Только в десяти лье от берега По Фабрицио совсем очнулся; у него было вывихнуто плечо, а руки все в ссадинах. Герцогиня по-прежнему держала себя столь необычайно, что хозяин деревенской гостиницы, где они остановились пообедать, решил, что имеет дело с принцессой императорской крови, и собрался было оказать ей почести, достойные ее сана; но Лодовико заявил, что принцесса непременно велит засадить его в тюрьму, если он посмеет проводить ее колокольным звоном.
Около шести часов вечера приехали, наконец, в пьемонтские владения. Только тут Фабрицио был в полной безопасности; его привезли в деревушку, подальше от большой дороги, перевязали ему раны, и он проспал еще несколько часов.
И тут, в этой деревне, герцогиня совершила поступок, ужасный с точки зрения нравственных правил и лишивший ее покоя до конца жизни. За несколько недель до побега Фабрицио, в тот вечер, когда вся Парма отправилась к воротам крепости посмотреть, не сооружают ли в крепостном дворе эшафот для него, герцогиня показала Лодовико, ставшему ее доверенным лицом, секрет, с помощью которого из тщательно скрытой железной рамки вынимался камень на дне знаменитого водоема во дворце Сансеверина, устроенного в XIII веке, как мы говорили. И вот, пока Фабрицио спал в траттории пьемонтской деревушки, герцогиня призвала к себе Лодовико. Ему показалось, что она сошла с ума, – такие странные взгляды она бросала на него.
– Вы, наверно, ждете, что я вам дам несколько тысяч франков, – сказала она ему. – Но нет, я вас знаю, – вы поэт, вы скоро проживете эти деньги. Я вам дарю маленькое поместье Ричиарда, в одном лье от Казаль-Маджоре.

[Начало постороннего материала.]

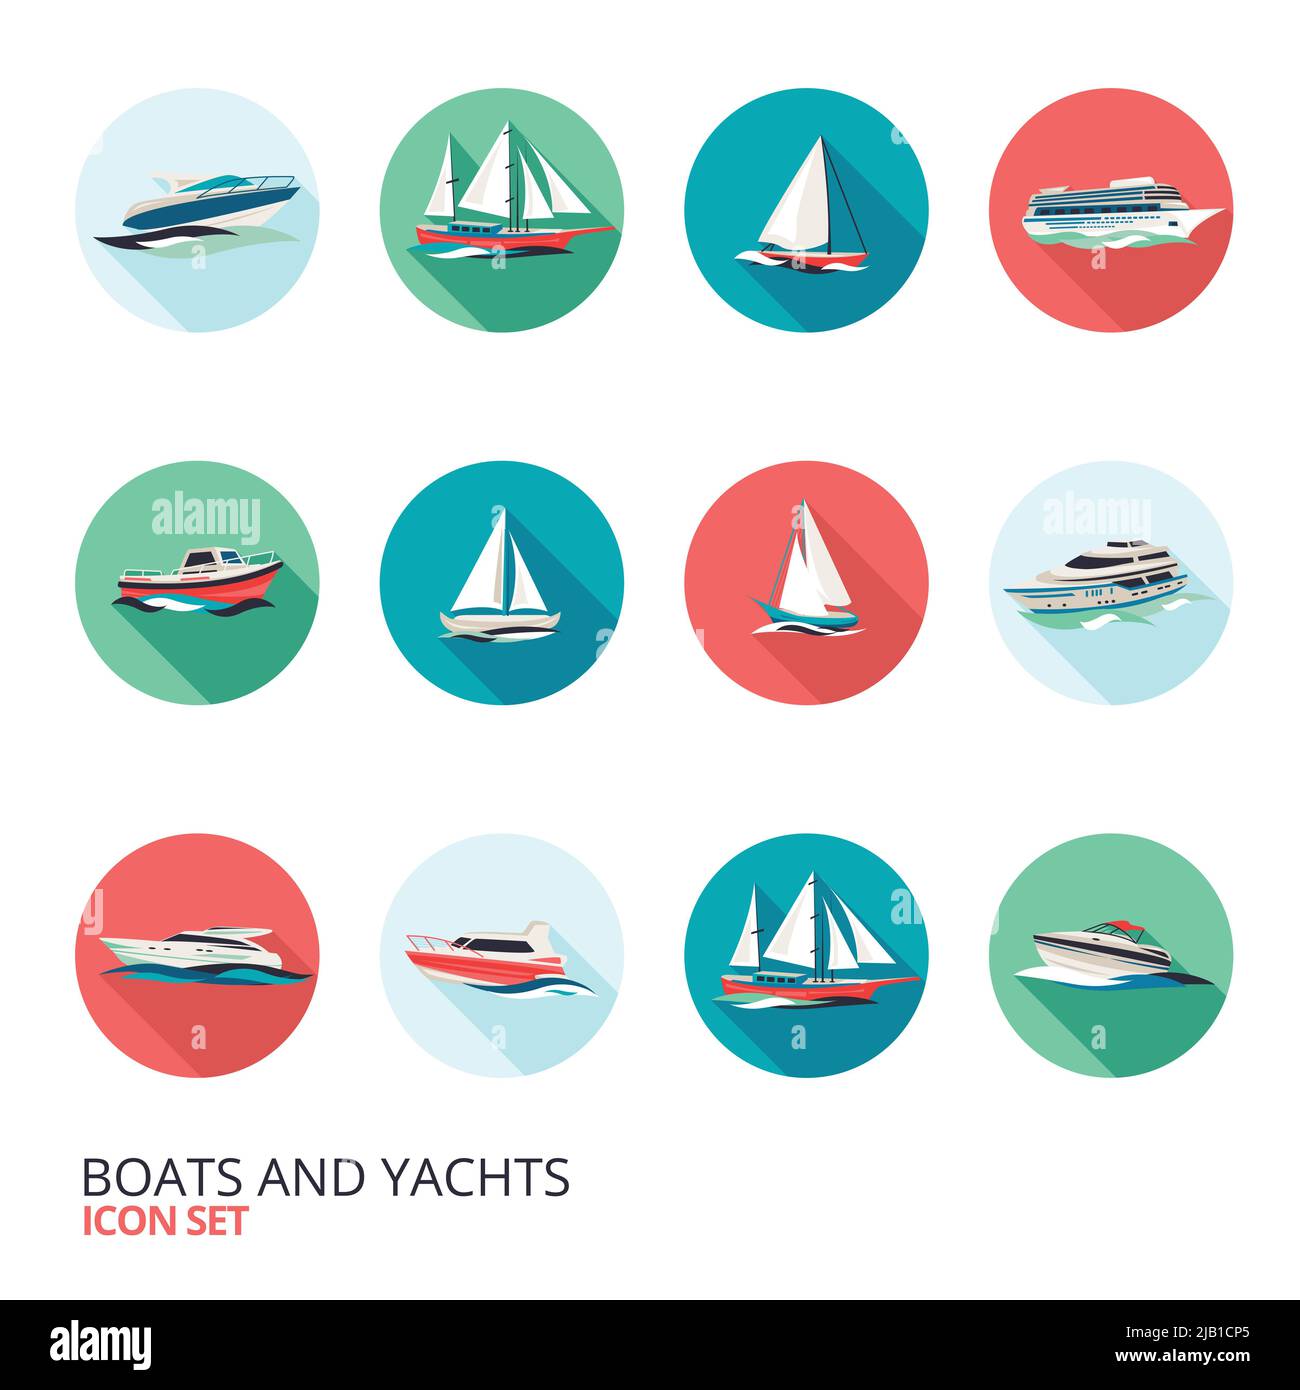 Ocean Urlaub Business Reise Tour Kreuzfahrt Yacht Liner Schiff flach rund solide isoliert Symbole setzen isoliert Vektor Illustration Stock Vektor

Лодовико, не помня себя от радости, бросился к ее ногам и с полной искренностью уверил ее, что помогал спасти монсиньора Фабрицио вовсе не из-за денег, а оттого, что необыкновенно привязался к нему еще с тех пор, как однажды имел честь везти его, когда служил третьим кучером у герцогини. Затем этот человек, действительно благородный, счел, что слишком долго занимает своей особой столь знатную даму, и собрался уйти, но герцогиня, сверкая глазами, сказала:
– Подождите.
Она молча расхаживала взад и вперед по комнате деревенской траттории, бросая иногда на Лодовико какие-то дикие взгляды. Видя, что эта странная прогулка все не кончается, он осмелился заговорить со своей госпожой:
– Синьора, вы дали мне чрезмерную награду, настолько превышающую все, на что мог надеяться такой бедняк, как я, настолько превосходящую малые услуги, какие я имел честь оказать вам, что совесть не позволяет мне принять от вас поместье Ричиарда. Честь имею, синьора, возвратить вам этот дар и просить вас назначить мне пенсию в четыреста франков.

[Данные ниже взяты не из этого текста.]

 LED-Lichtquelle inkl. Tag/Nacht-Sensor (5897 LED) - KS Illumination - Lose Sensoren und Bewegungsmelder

– Сколько раз в своей жизни, – с мрачным и надменным видом сказала она, – сколько раз вы слышали, чтобы я отступала от принятого однажды решения?
После этих слов герцогиня еще несколько минут ходила по комнате и, вдруг круто остановившись, воскликнула:
– Значит, жизнь Фабрицио спасена благодаря случайности и благодаря тому, что он понравился какой-то девчонке? А не будь у него приятной внешности, он умер бы? Что? Разве вы можете это отрицать? – спрашивала она, подступая к Лодовико, и глаза ее горели самой мрачной яростью.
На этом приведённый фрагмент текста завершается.